Иногда по утрам он шел по Равалю мимо столовой «Ка Бертран». Множество извозчиков вокруг рынка Сан-Антони; экипажи у заводов, лошади, торговцы вразнос, мастеровые, безработные, нищие и trinxeraires — все движение, вся сумятица живого города вроде бы предоставляли ему укрытие, хотя и недостаточное, по мнению Далмау, который под конец всегда прятался в каком-нибудь парадном поодаль от столовой Бертрана. Время от времени видел Эмму, вечно чем-то занятую. Иногда вроде бы решался, делал несколько шагов по направлению к столовой, но неизменно отступал. Так и не мог к ней подойти, когда бывал уже готов это сделать, на память приходил удар кулаком и с презрением брошенное на прощание «Забудь обо мне!». «Болван!» — пробормотал он посреди улицы, не думая, что кто-то может услышать и обидеться. Огляделся. Никого: только двое мужчин шли своей дорогой, мотая головами. Как он раскаивался в своем поведении! Эмма, наверное, ничего не забыла. Мать никогда не упоминала, что девушка хоть в малейшей степени интересуется им. Может, по-прежнему берет на себя ответственность за смерть Монсеррат, и его винит тоже. Может, и правда еще рано. Может, мать права и нужно подождать…

Однажды, когда Далмау направлялся на фабрику, парочка trinxeraires, мальчик и девочка, вышли из укрытия и принялись бродить по кварталу.

— Которая? — спросила девочка.

— Та высокая, милашка, в цветастом платье и белом переднике, — ответил ее брат.

— Точно?

— Точно. Он, как завидит ее, скорей бежит прятаться в парадное. Ты разве не замечала? — уверенно говорил Дельфин. Маравильяс замечала, конечно, однако хотела это услышать от брата, удостовериться. — Я даже видел, как он весь дрожит. Только нос высунет, когда она во дворе, а как в дом зайдет, так и всю голову. Дело ясное! Пошли! — поторопил он сестру.

И они побежали вслед за Далмау, чтобы, как чуть ли не каждый день, столкнуться с ним, будто ненароком, где-то за кварталом Сан-Антони. «Вы меня преследуете?» — спервоначалу спрашивал он. «Ага», — отвечала Маравильяс.
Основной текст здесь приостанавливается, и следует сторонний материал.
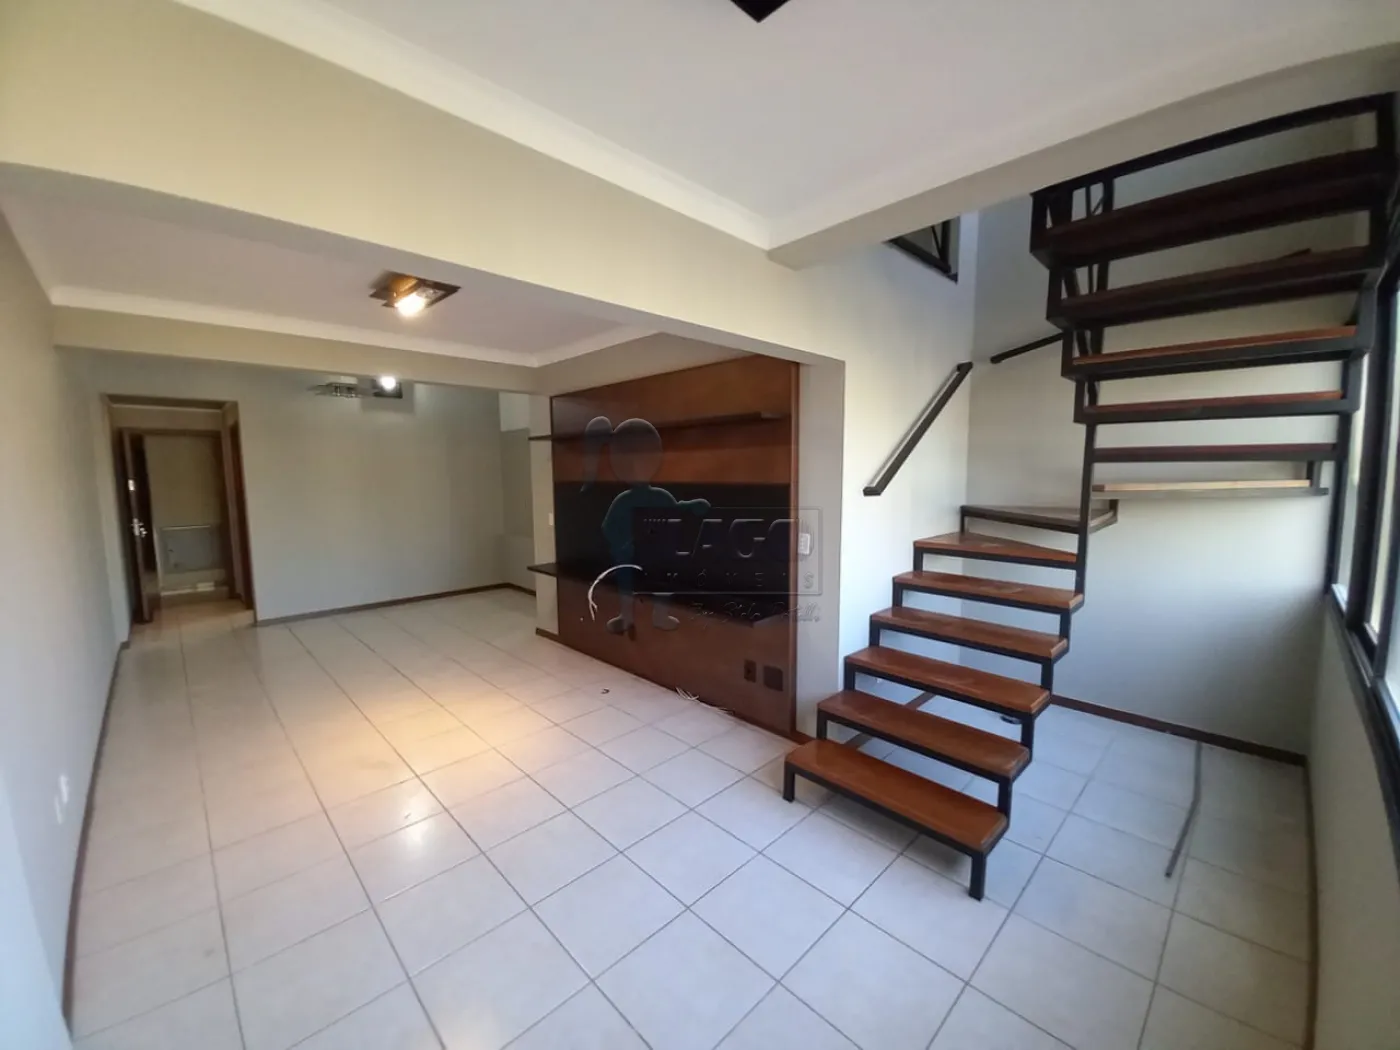 Alugar Apartamentos / Duplex em Ribeirão Preto R$ 3.500,00 - Foto 4

И Далмау всегда покупал им поесть у одного из торговцев вразнос, которые разъезжали по городу, криками нахваливая товар и скрипя тележками.
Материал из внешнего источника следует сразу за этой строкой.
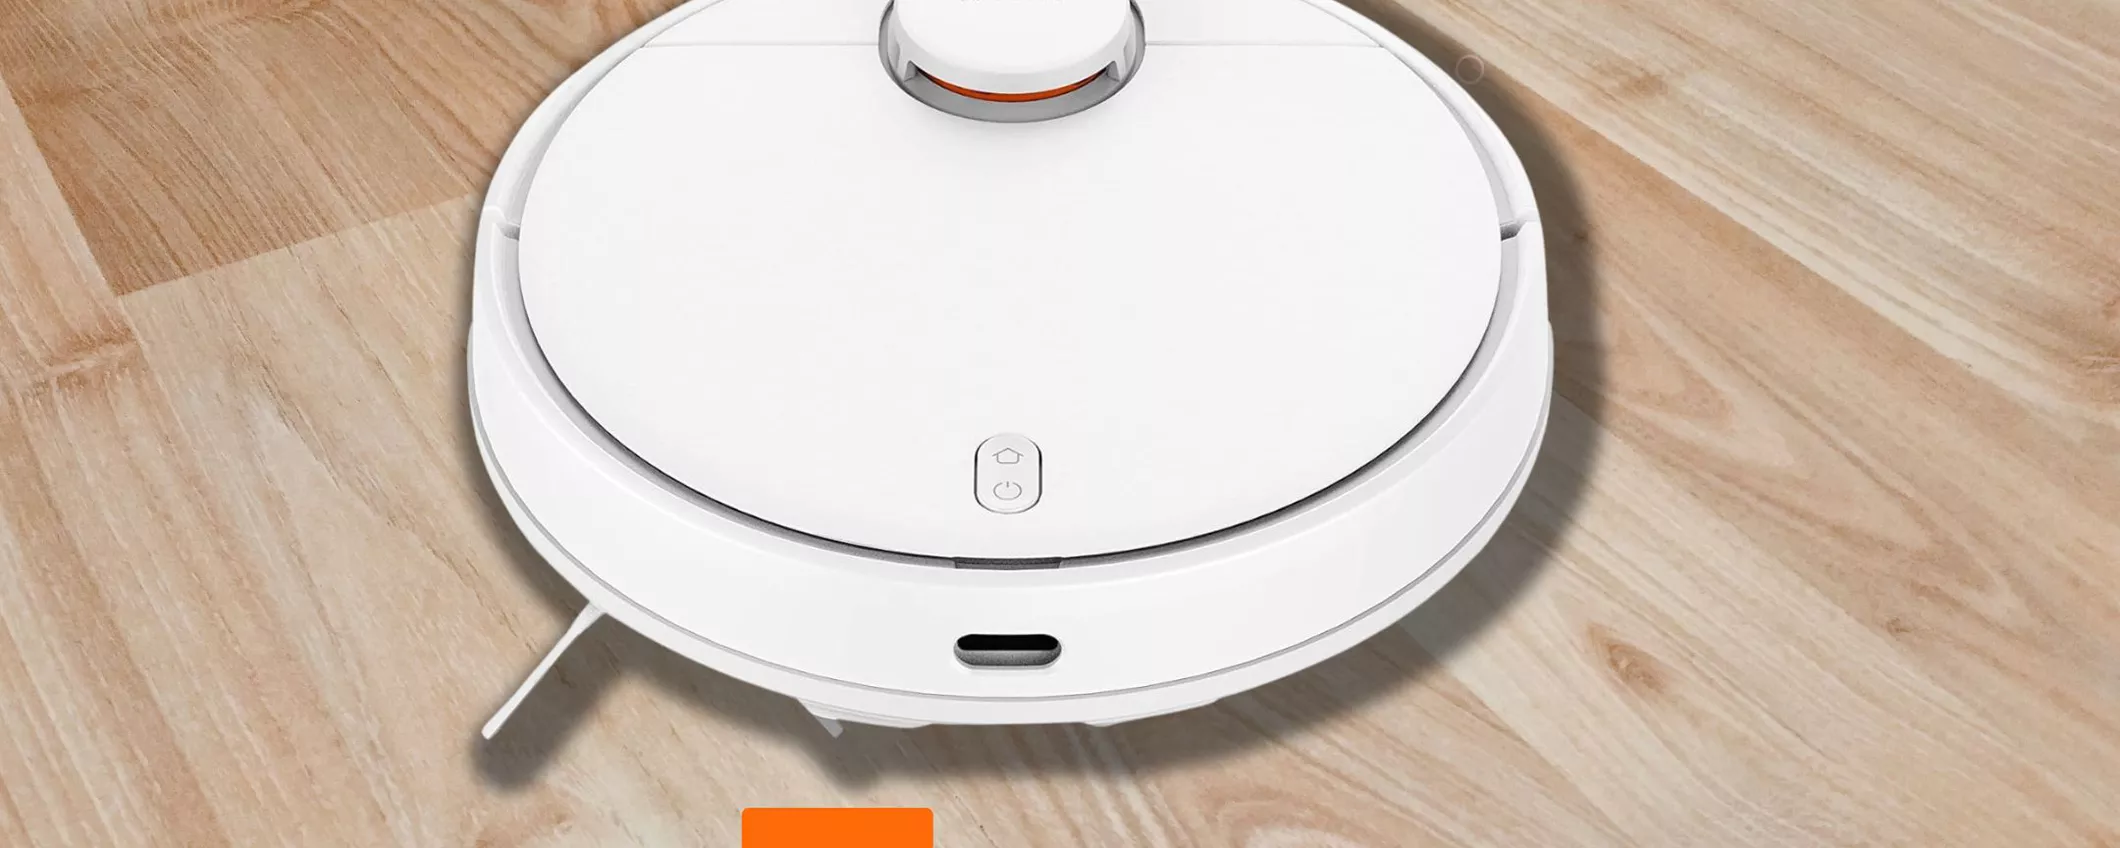 Xiaomi Robot Aspirapolvere: casa sempre pulita e risparmi anche il 31%!

Однажды, вместо того чтобы преследовать Далмау, Маравильяс подошла к заднему двору столовой.

— Дайте хлебушка, добрая тетя, — стала клянчить у Эммы, протягивая руку над невысокой стеной, служившей оградой.

— Хочешь хлеба, — ответила Эмма, не бросая работу, — приходи в полдень, после обеда: поможешь помыть посуду, и я тебя накормлю.

— Я голодная, — заявила нищенка с развязностью, не подобающей тем, кто просит милостыню.

Теперь Эмма на нее взглянула. Маравильяс выдержала взгляд и в свою очередь рассмотрела ее во всех деталях. Конечно милашка. Красавица. Чистая. Молодая, здоровая. Зависть захлестнула trinxerairе. Ее собственные крошечные груди не видны из-за выступающих ребер, зада нет вообще, а живот впалый… Ничего подобного чувственным, женственным изгибам, как у этой. Как давно она не видела своего лица в зеркале? Даже не знает, хорошенькая ли она. Дельфин говорит: нет, безобразная, как те тупорылые рыбы, которых иногда можно видеть в садках, но для улицы это не важно. В самом деле: здесь ценятся отвага, быстрота, решительность, хитрость… Если девочка красива, на нее обратят внимание, изнасилуют или пустят по рукам или и то и другое вместе.